Manhattan Rents Fall / Office Vacancies Rise

Posted by urbandigs

Tue Oct 6th, 2009 04:08 PM

A: Just passing along the latest. This is all not new and the process is a healthy one. I wouldn't be surprised if stabilization shows up in one of the next two quarterly reports.

Bloomberg reports, "Manhattan Rents Fall More Than 8% on Unemployment":

Manhattan apartment rents fell as much as 8.9 percent in the third quarter from a year earlier as rising unemployment cut demand, Citi-Habitats Inc. said.

Average rents declined for all apartment sizes as landlords offered concessions to tenants, the New York-based property broker said in a report issued today.

“The only way you can create demand is to make the market and the way you make the market is adjust the prices accordingly,” Gary Malin, president of Citi-Habitats, said in an interview.

Rents for studio apartments fell 8.2 percent to an average of $1,760. One-bedroom units dropped 8.8 percent $2,423. The cost of renting two-bedroom apartments declined 8.9 percent to $3,381 and three-bedrooms fell 7.9 percent to $4,591.

The rates reflect some, but not all, of the concessions offered by landlords, including a month of free rent, Malin said.
Its the concessions that are key. These reports don't accurately reflect the full concessions being offered by landlords to fill vacancies and get leases renewed. The most common of course is offering 1-2 Months Free Rent and then asking the tenant to sign a 13 or 14 month lease. For those using brokers, it may be a free month rent and a reduced or eliminated broker fee; or other combination of the two. Either way, this process is a very healthy one and I'm sure we will see some signs of stabilization in one of the next two quarterly reports. Our adjustment was fast and fierce and lower prices will revive demand over time. Here is a snapshot of neighborhood vacancy rates and then the average vacancy rate trend provided by Citi-Habitats September 2009 Rental Market Report:

rental-vacancy-rate-Manhattan.jpg


Wow, check out the vacancy rate of the Upper East Side jumping to 2.49%! Bloomberg then gets into how "Manhattan Office Vacancies Reach Five-Year High":
Manhattan’s third-quarter office vacancy rate hit a five-year high as unemployment rose and companies gave up space in the recession.

The rate rose to 11.1 percent, the highest since the third quarter of 2004, New York-based broker Cushman & Wakefield Inc. said in a statement today. Rents fell 5.2 percent from the second quarter to $57.08 a square foot and were down 22 percent from a year earlier.

Sublease space declined to 11.1 million square feet from 11.4 million at mid-year, the first drop since the end of 2007, Cushman said.

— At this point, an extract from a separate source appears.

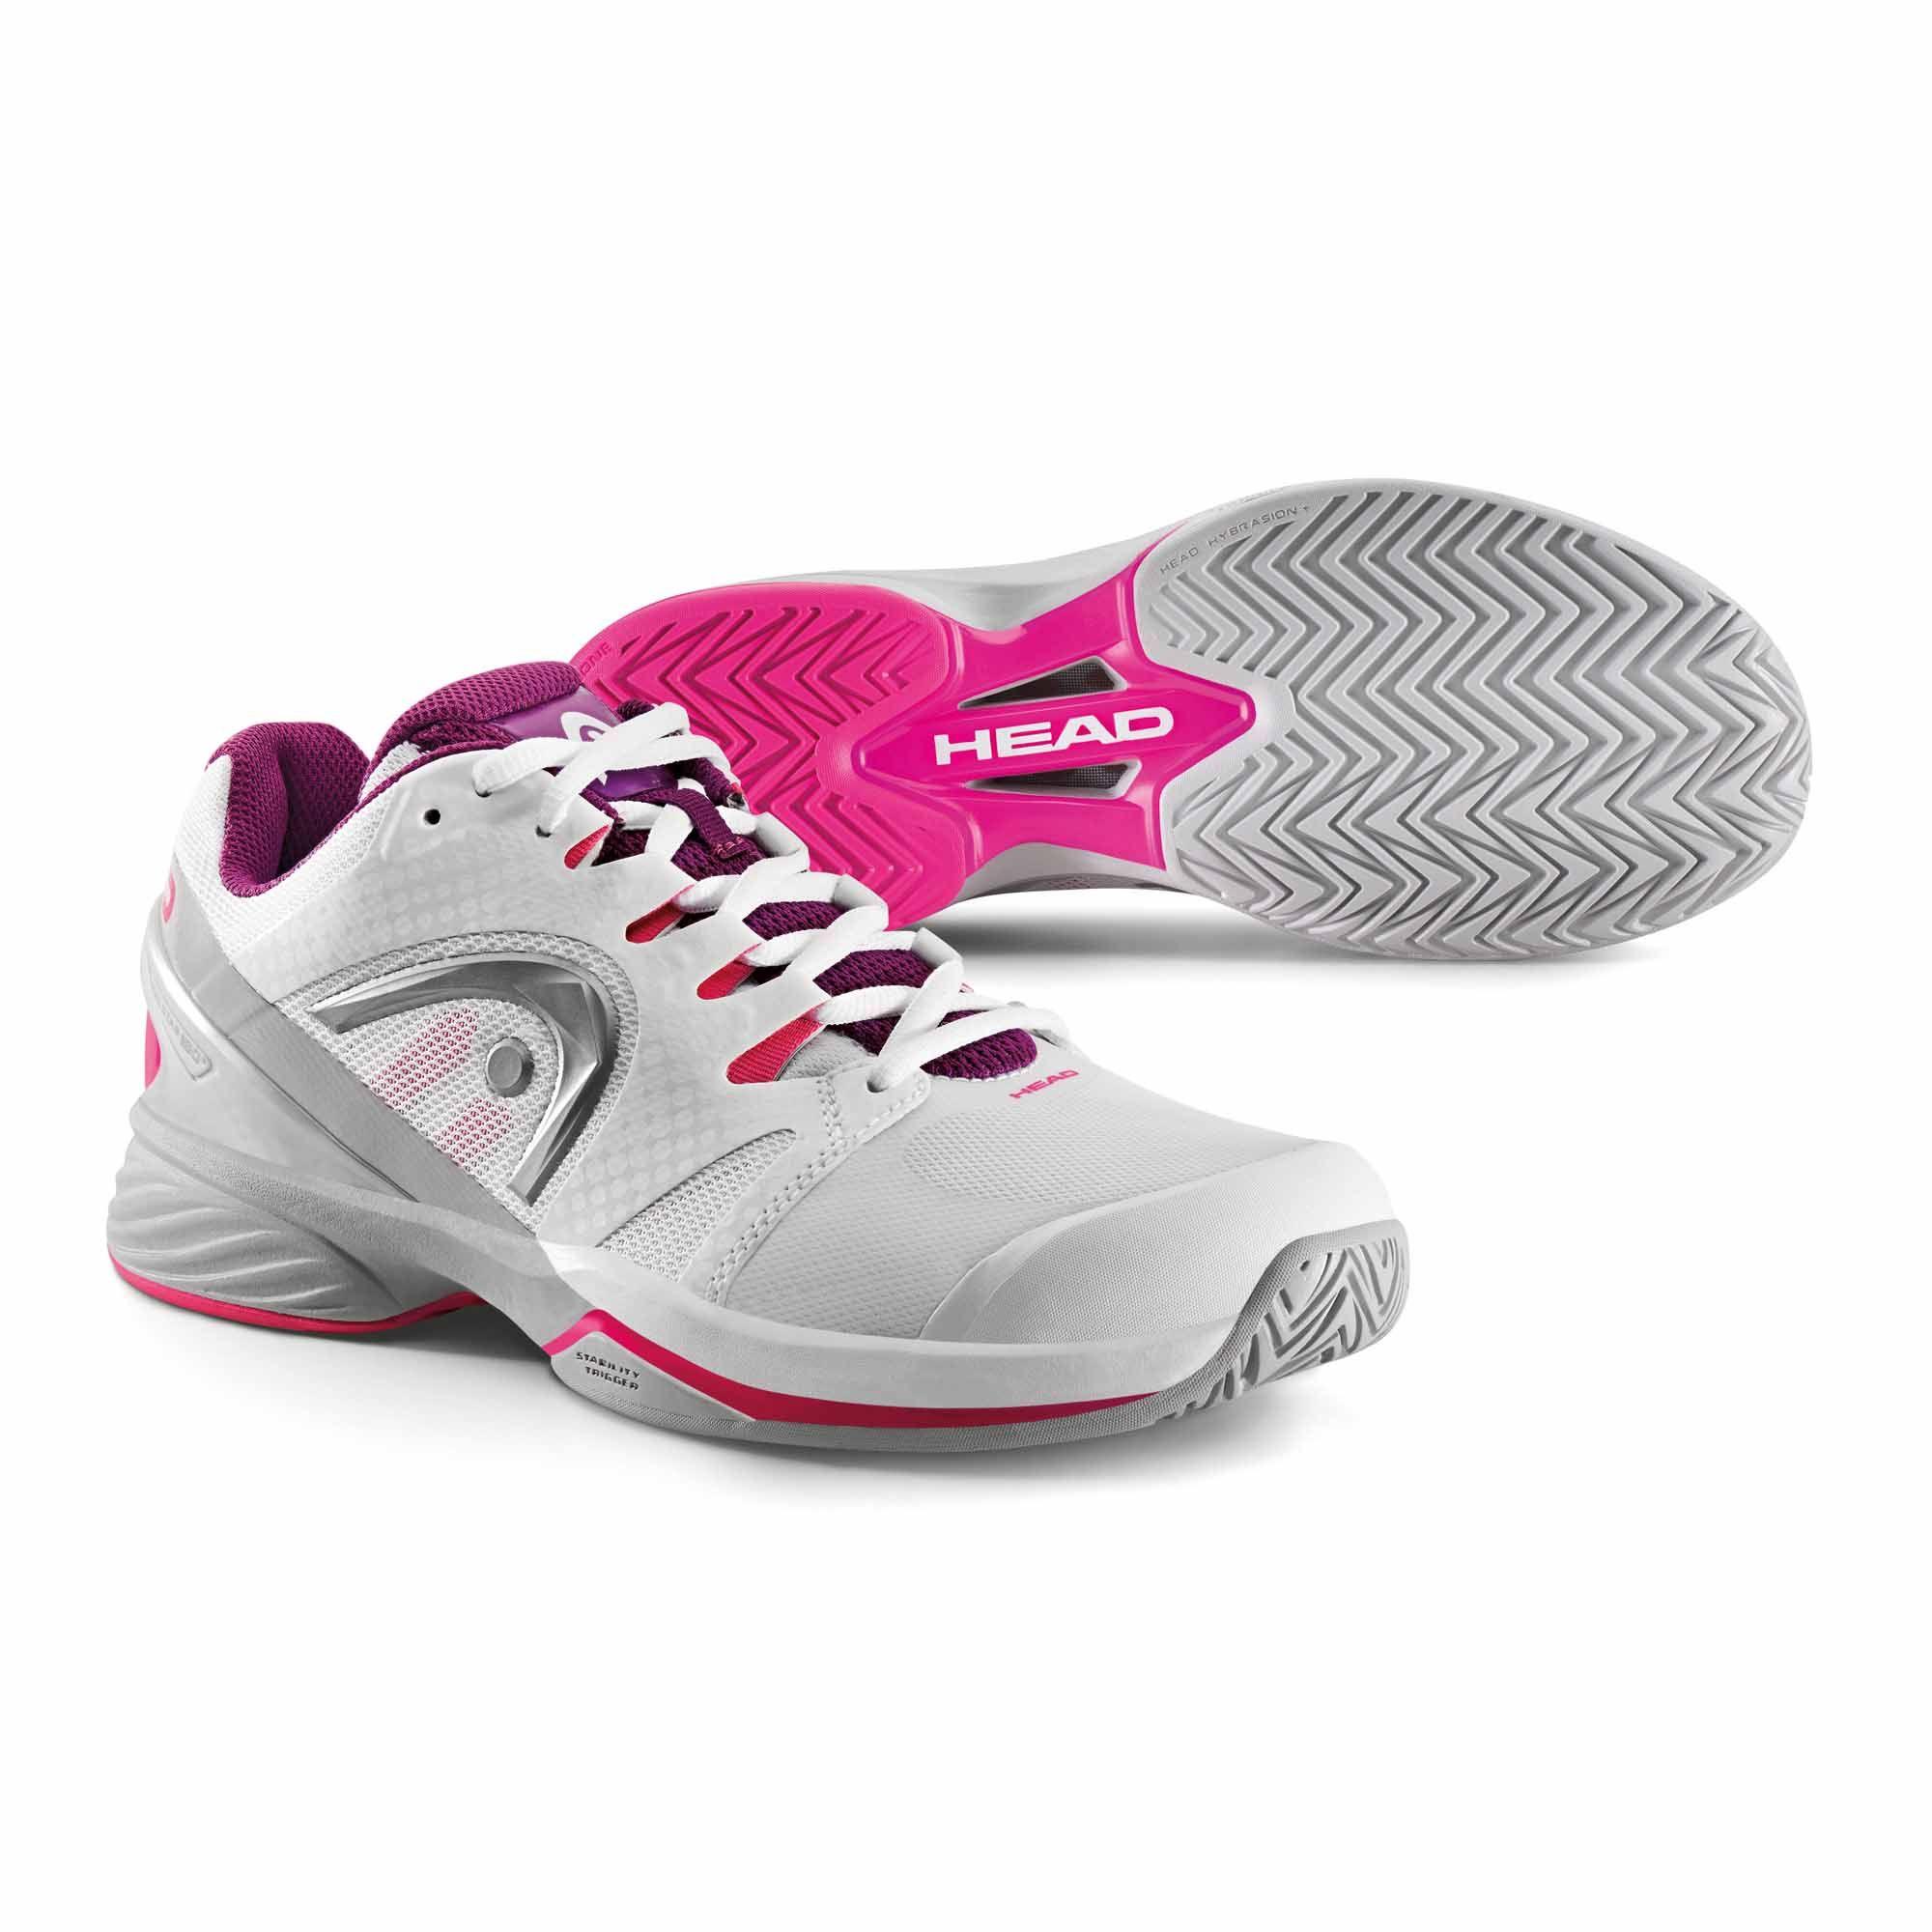 nitro pro tennis shoes

“This is probably an indicator that you’re starting to see a market starting to bottom out,” said Joseph Harbert, chief operating officer for Cushman’s New York metropolitan region. “I would look at that as a harbinger of what’s to come. We’ve got a ways to go.”
Falling rents, rising vacancy rates: these are two more reasons why inflationary worries right now are misguided.

The consumer is still repairing their balance sheets and dealing with a tough labor market. The Fed is continuing to engineer a bank recapitalization environment even as some asset values feel like they are getting a bit frothy. The idea is to cushion the deflationary blow, cushion the hit to the economy and allow banks to re-organize themselves and try to earn their way back to health. Do we really want banks to go crazy lending to consumers in a deteriorating credit and rising unemployment environment? No, we dont. The system needs to purge itself of the excess that came with credit binge over many many years. In the meantime, each half off sale that we hear about (i.e. California Hotel Foreclosures Triple in first 9 months of 2009) will result in its own deflationary whiplash as the new owner has a much more efficient operating environment with way less debt in which to run the existing business.